Finding new channels to selectively target pest insects
Max Planck researchers reveal how potassium channels work in insects and discover new ways to target them
Ion channels in the nervous system are among the most important targets for insecticides. Understanding the structure of the channels is key for the identification of novel species-specific binding sites of agrochemicals. Researchers at the Max Planck Institute of Molecular Physiology in Dortmund, Germany, joined forces with protein manufacturing company Cube Biotech and Bayer’s Crop Science division to reveal the structure and function of a potassium ion channel from fruit flies. Their newly obtained insights reveal the differences between human and insect channels, explain how known compounds affect the channel and propose new target sites for drugs. The research could help pesticide manufacturers design new drugs apt to specifically kill pest insects and parasites without affecting other animals like bees and mammals.
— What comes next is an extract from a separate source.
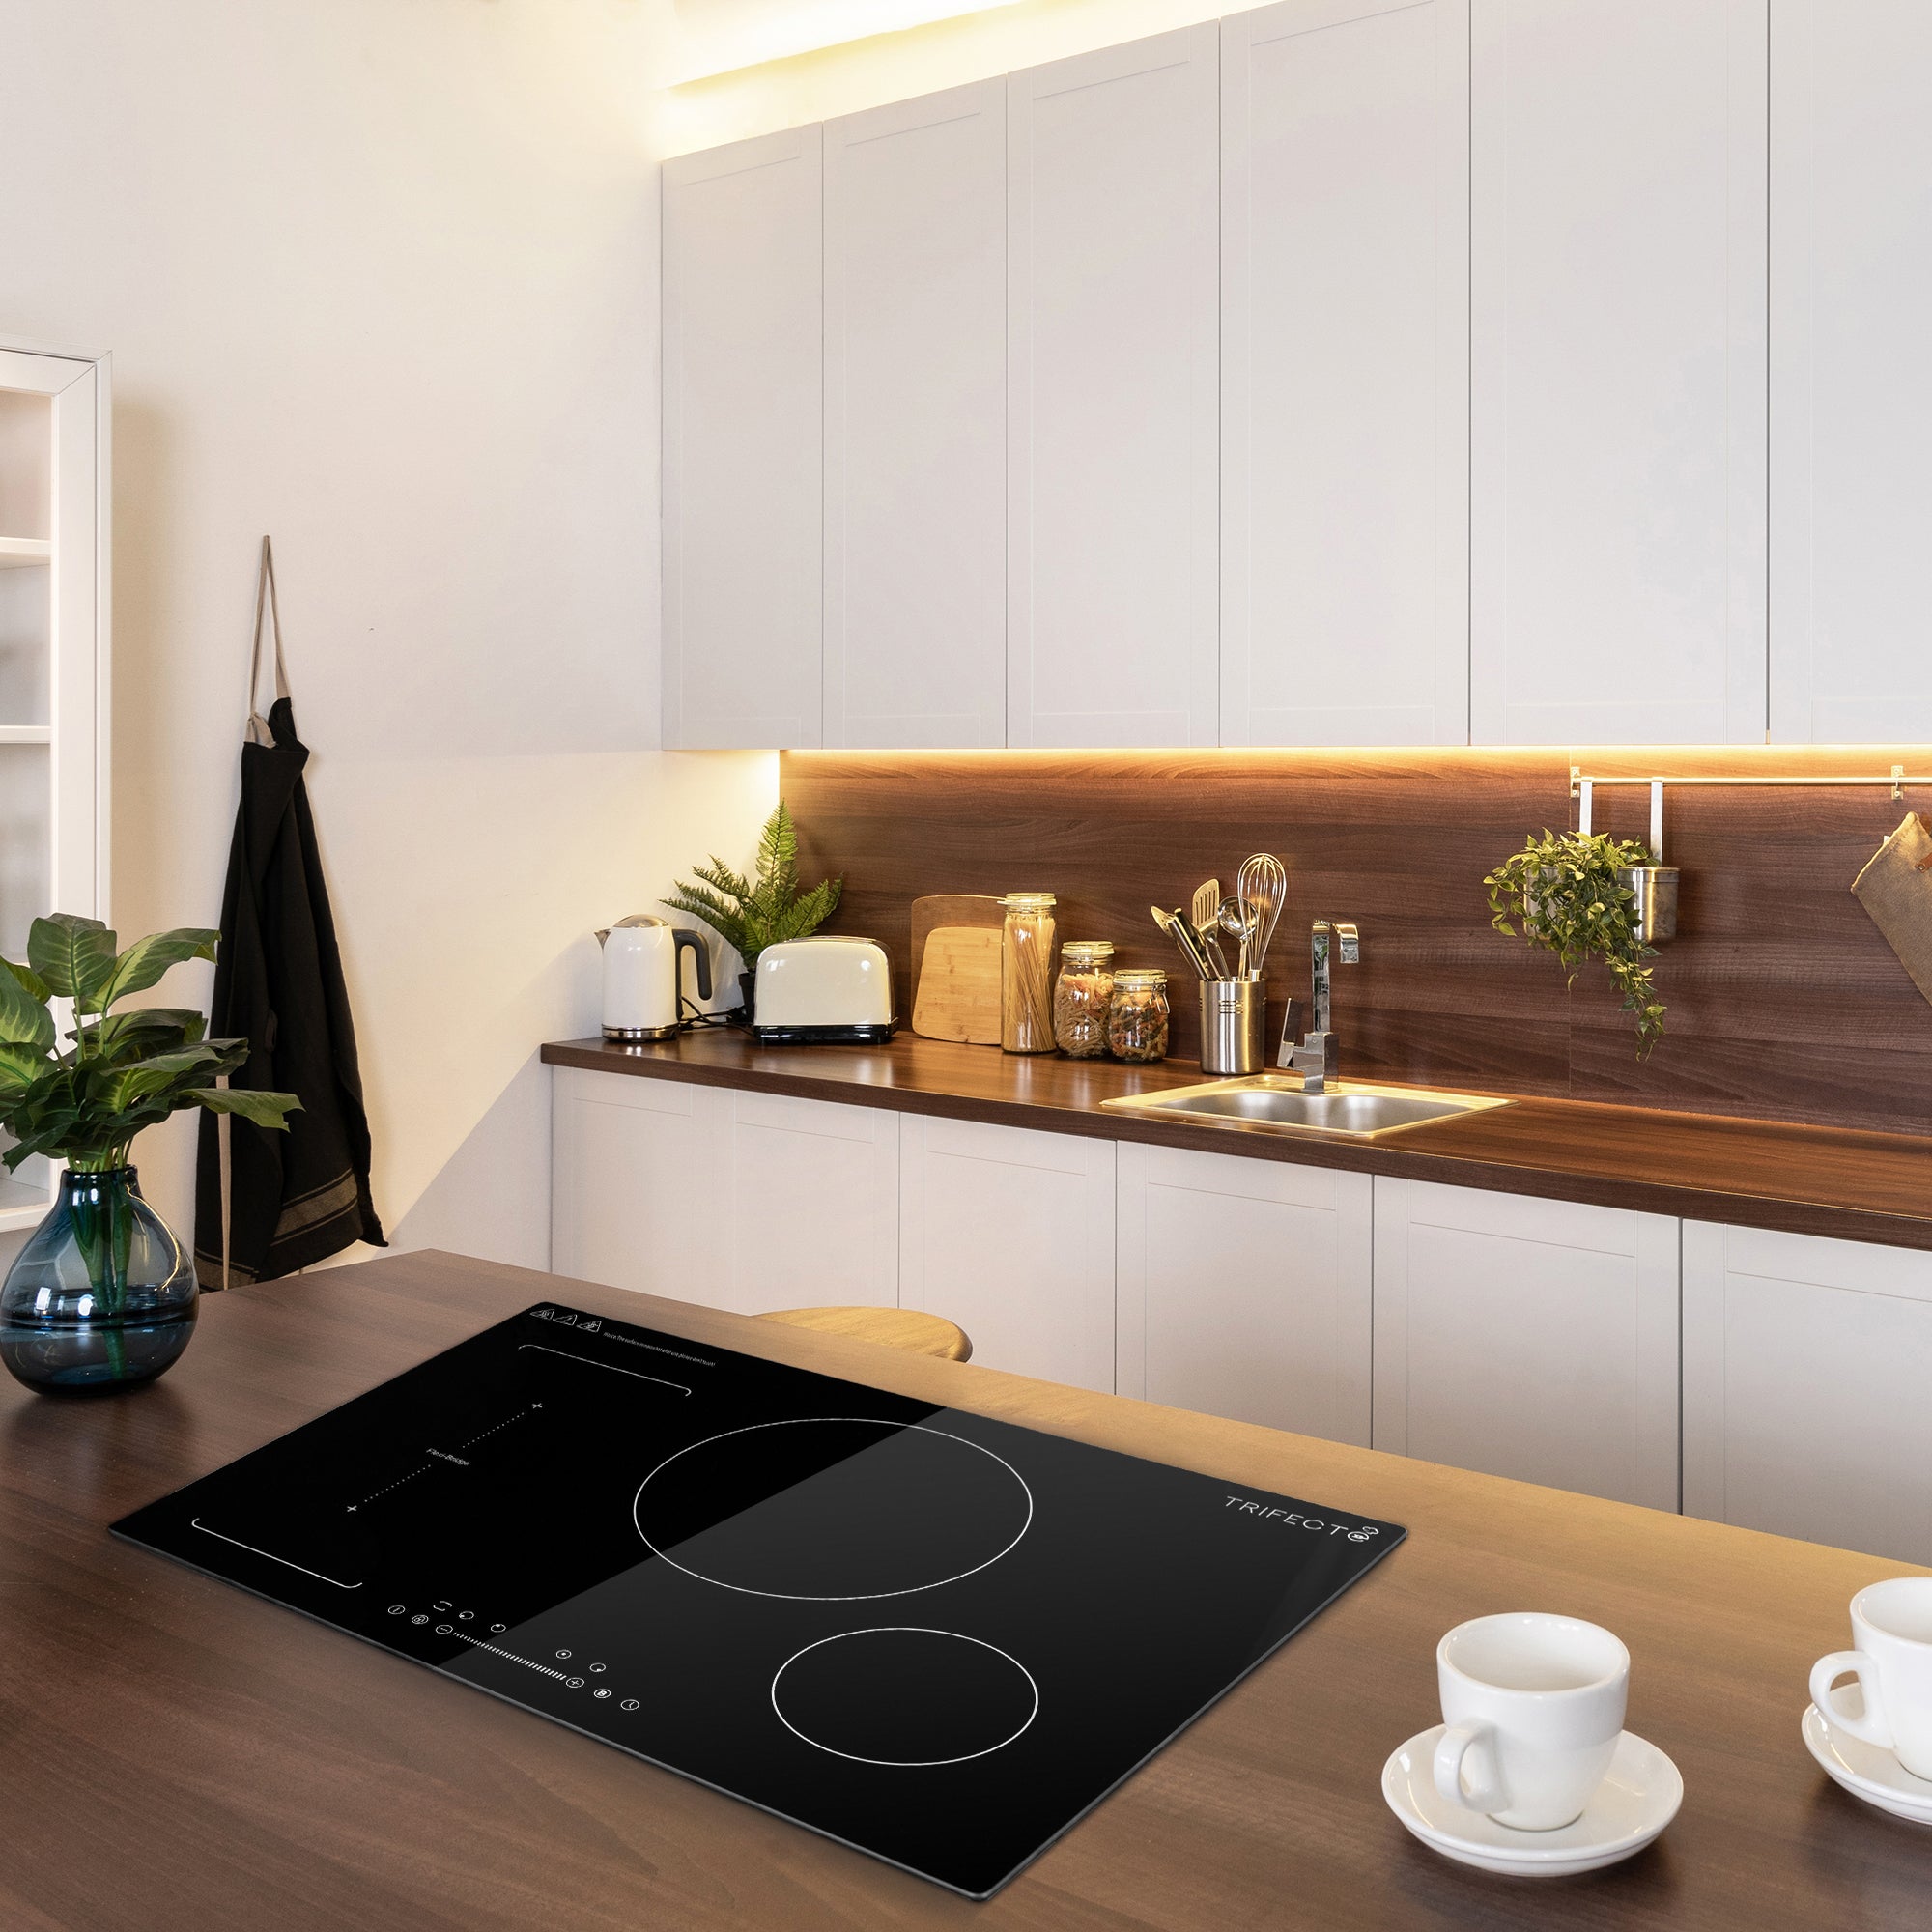 The 30-inch built-in induction cooker matches with wood grain kitchen top makes the kitchen interior design more idyllic

The Slowpoke potassium channels in Drosophila, the common fruit fly, are huge and complex proteins that sit inside the cellular membrane and selectively and rapidly transport vital potassium ions through it. They are found in all animals and are responsible for completing various tasks, most importantly in the brain and in muscle cells. The essential roles of the potassium channels signify the importance of targeting Slowpoke with newly developed insecticides in order to help overcome the global problem concerning the decrease in efficiency due to the growing pesticide resistance. Yet, there is always the risk of not aiming properly: “Ideally, you want insecticides to be really specific to the pest insect, avoiding drugs that are toxic for humans, or other animals, such as birds, rodents and beneficial insects like bees”, says Stefan Raunser, Director at the Max Planck Institute of Molecular Physiology in Dortmund, and lead author of the study.
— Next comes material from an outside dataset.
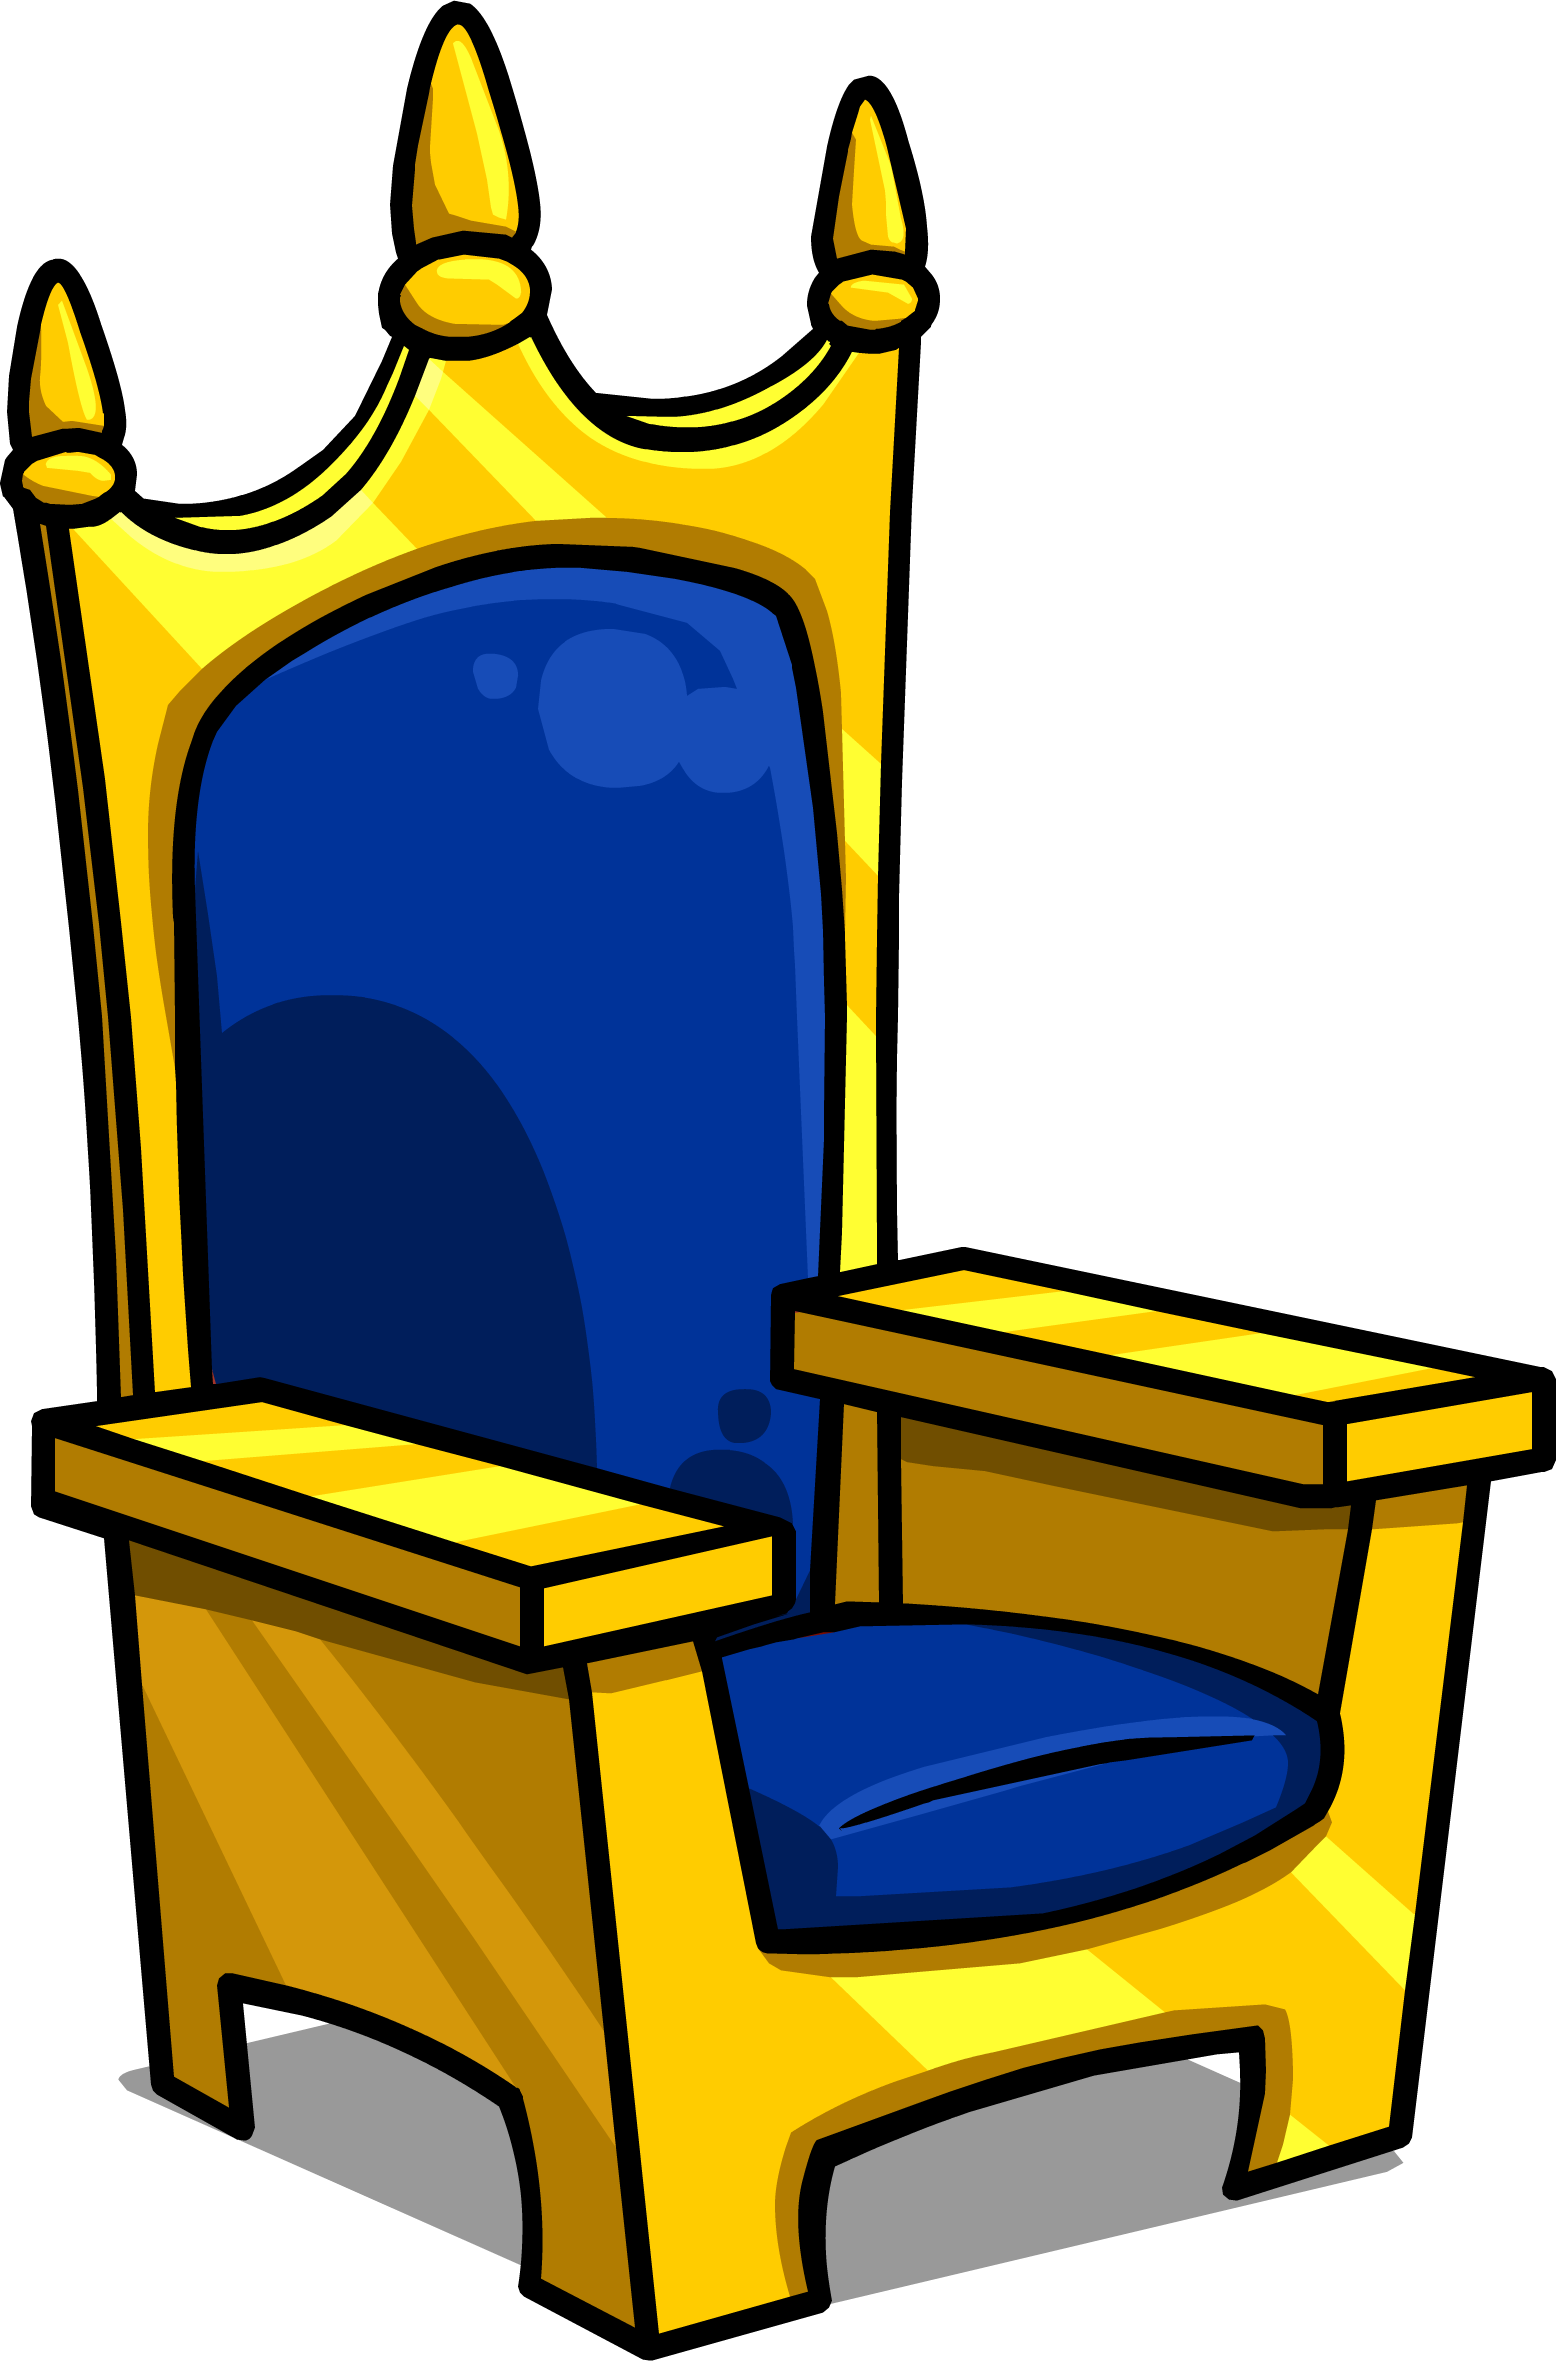 Swim Team Clipart Download - Throne - (1556x2361) Png Clipart Download.

In order to design drugs that are specific for pest insects, scientists need high-resolution structures of the ion channels. Raunser and colleagues used cryo-electron microscopy (cryo-EM) to obtain the structures of the protein in the open and in the closed states and compared them with structures of the human proteins that are already known. “The difference between human and insect channels are really tiny, but we found protein regions that are specific to insects”, says Raunser.
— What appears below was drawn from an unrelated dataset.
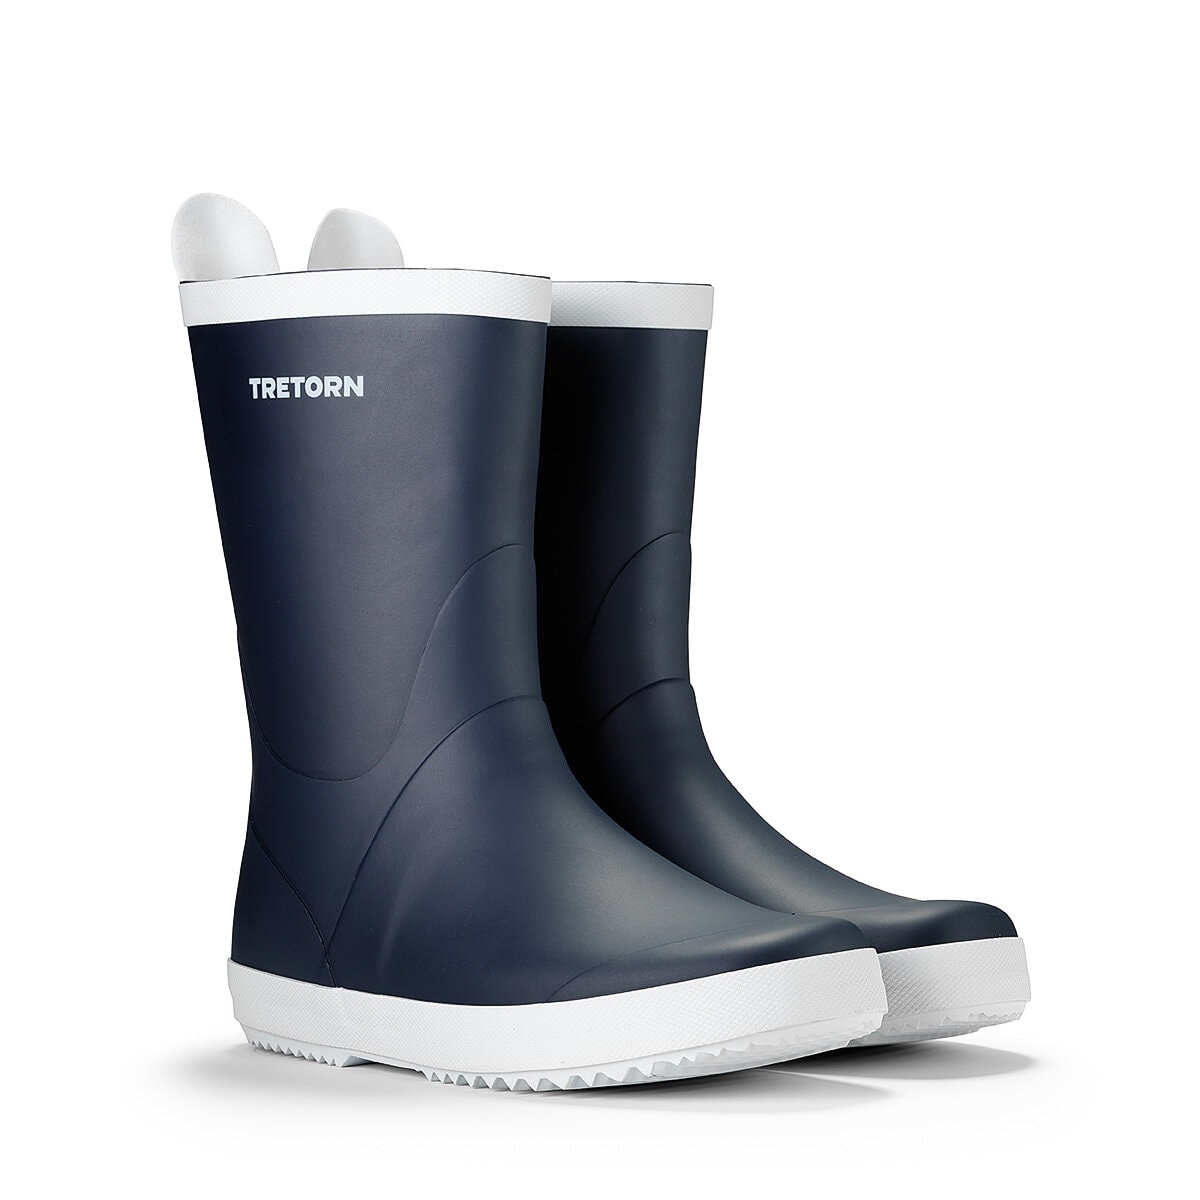 Wings rubber boots by Tretorn for men and women in the colour blue

Detailed map of the potassium channel for drug discovery
One specific site of the channel, named RCK2 pocket, has amino acids that differ between Drosophila and humans. It is located at the gating ring at the bottom of the channel. The gating ring sits inside the cell, picks up calcium ions when abundant and kicks off a cascade of rearrangements that open up the central cavity for potassium ions to pass through. The RCK2 pocket changes its shape as it shifts between closed and open states. Therefore, it is a potentially perfect target for small molecules to block the channel in either state. Scientists pinpointed also other less insect-specific drug target sites. Among them, the S6 pocket appears in the closed state and could be used to lock the channel. “We are providing pharmaceutical scientists with a detailed map of the potassium channel, which they can use to make better, highly selective insecticides”, concludes Raunser.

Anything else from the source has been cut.